Validating Input Xml Data Files

Abstract

In most Business Applications we frequently find that the input to a System would be in the form of Xml Data Files. This is particularly true with Modules of a Project that deal with Interoperability. These input files would require to be validated. The validation of an Xml input File could occur at various instances of processing as mentioned below:

  • using a schema file
  • in the Database Code for validating against business rules.

This paper basically focuses on two methods of validating a given Xml Input Data File using the classes provided by the .Net Framework.

Introduction

All Xml code can be considered as categorically correct if they are well-formed and valid xml files.

  • Well-formed - The XML code must be syntactically correct or the XML parser will raise an error.

  • Valid - If the XML file has an associated XML Schema, the elements must appear in the defined structure and the content of the individual elements must conform to the declared data types specified in the schema.  

Currently, we concentrate on two mechanisms for the latter category, which inherently incorporates the former one.

The Concept

Validation of Xml Files can be achieved through the use of various Technologies ex.

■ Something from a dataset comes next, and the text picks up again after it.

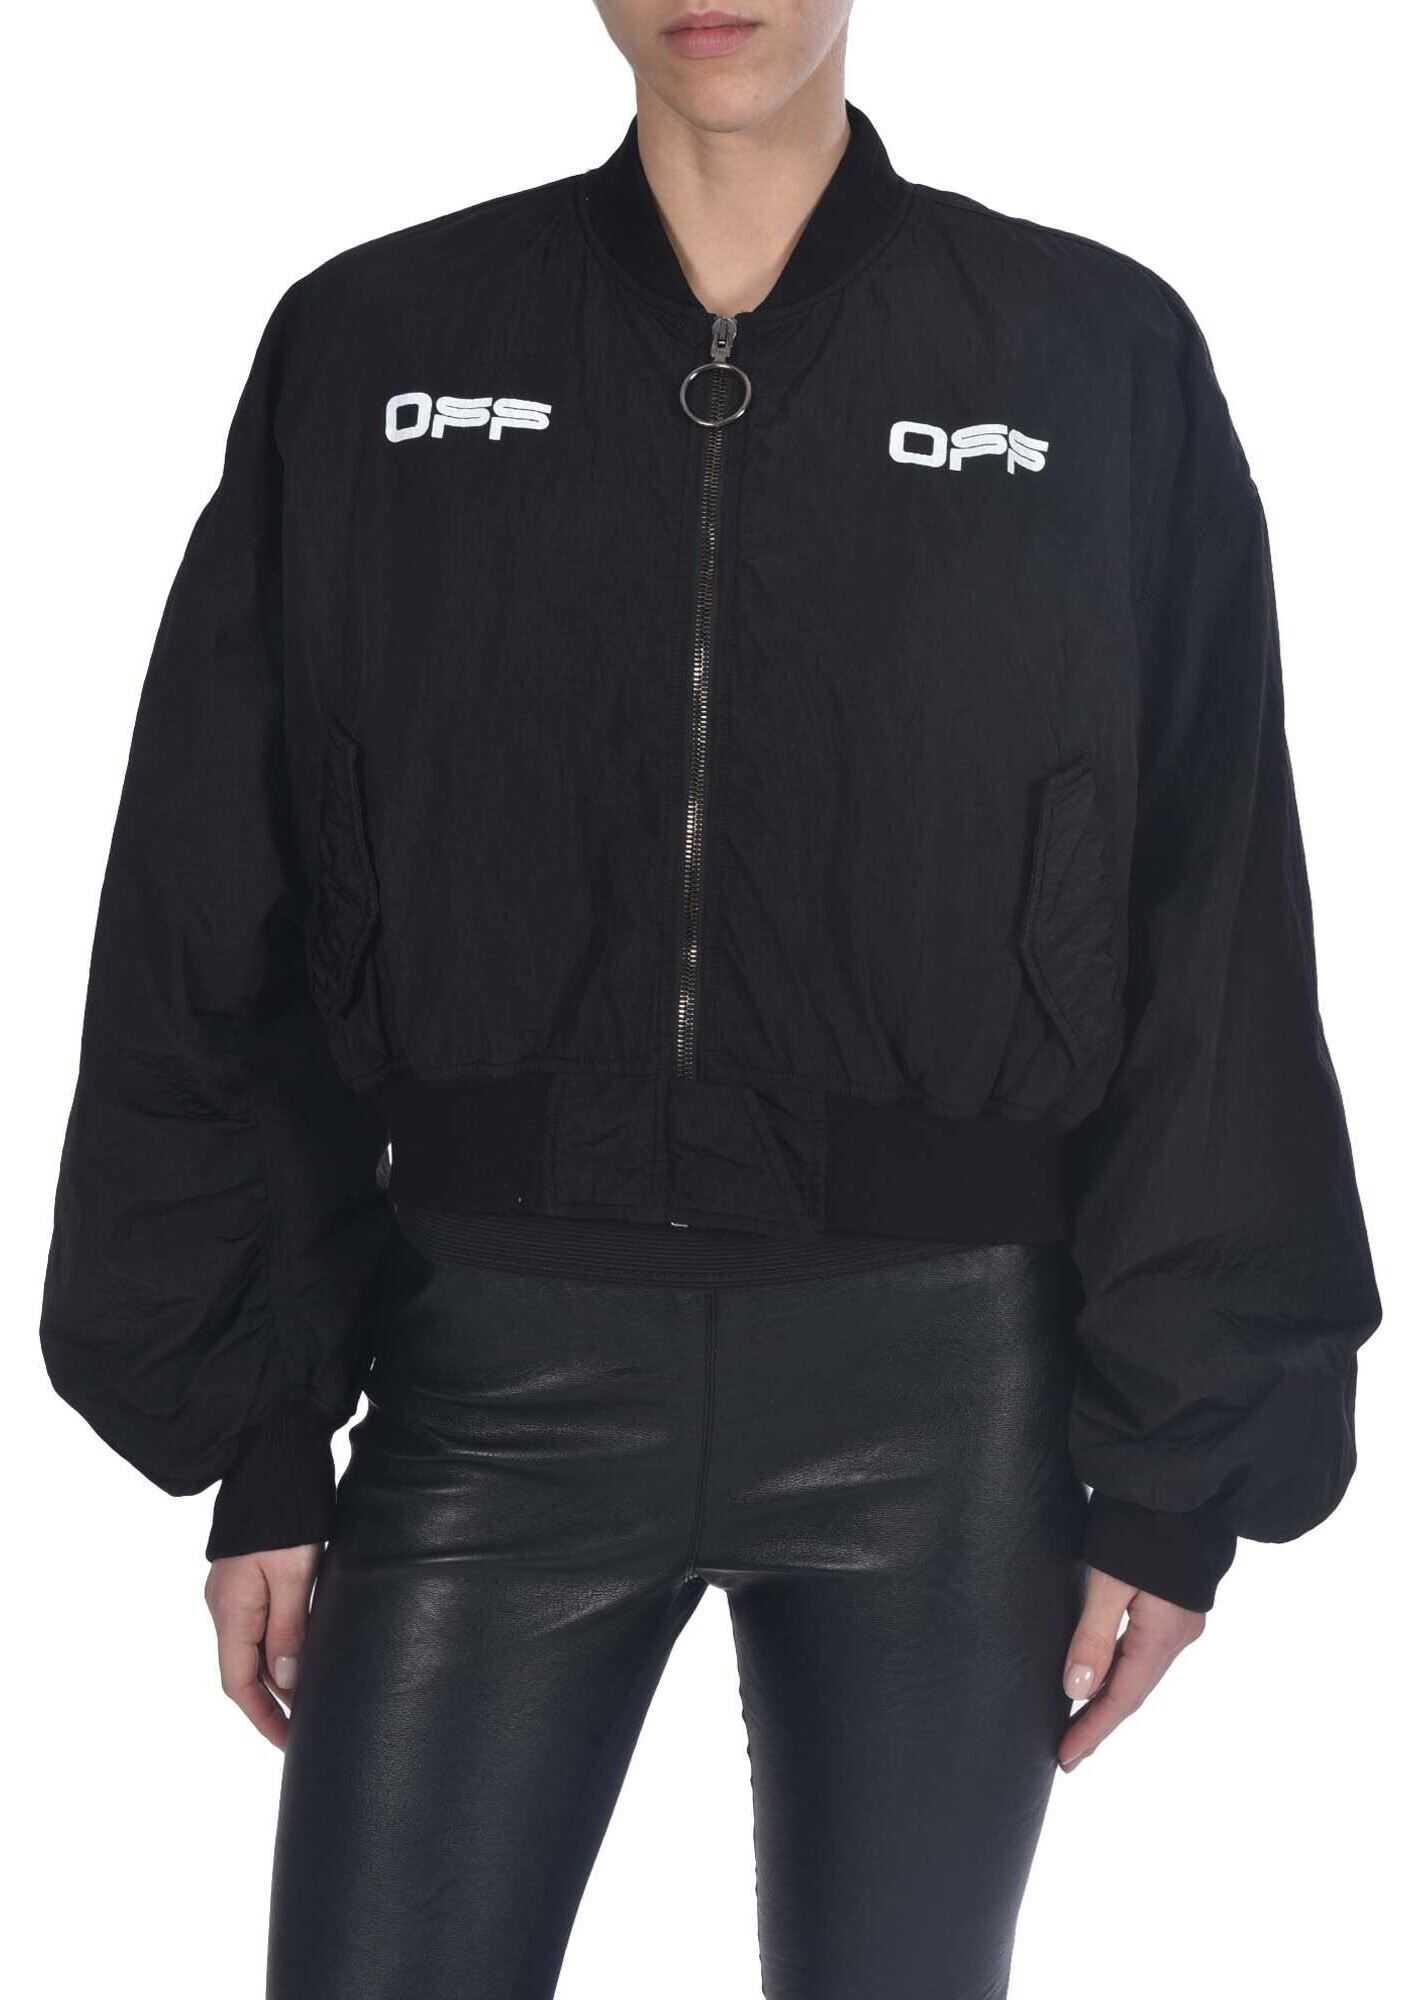 Off-White Cropped Jacket In Black Black

Visual Studio Net. Also, there are many on-line Tools available for validating an input .xml File. Few of them are mentioned below :

Microsoft's Visual Studio .Net provides a number of classes, shipped in as base class libraries of the .Net Framework for dealing with Xml Files. Xml functionality in .Net is primarily handled by the class code present in the following namespaces :

  • System.Xml
  • System.Xml.Schema
  • System.Xml.XPath
  • System.Xml.Xsl

Note: All the Data Files mentioned in the Code Snippets are available in the accompanying Zip File.

Xml Schema Validation

An Xml File is generally validated for its conformance to a particular schema. The Xml schema file usually is a XML-Data Reduced (XDR) or XML Schema definition language (XSD). The input Xml File could be even validated against a set of Schema Files. The Schema File is the structural representation of how a given Xml Data File should resemble.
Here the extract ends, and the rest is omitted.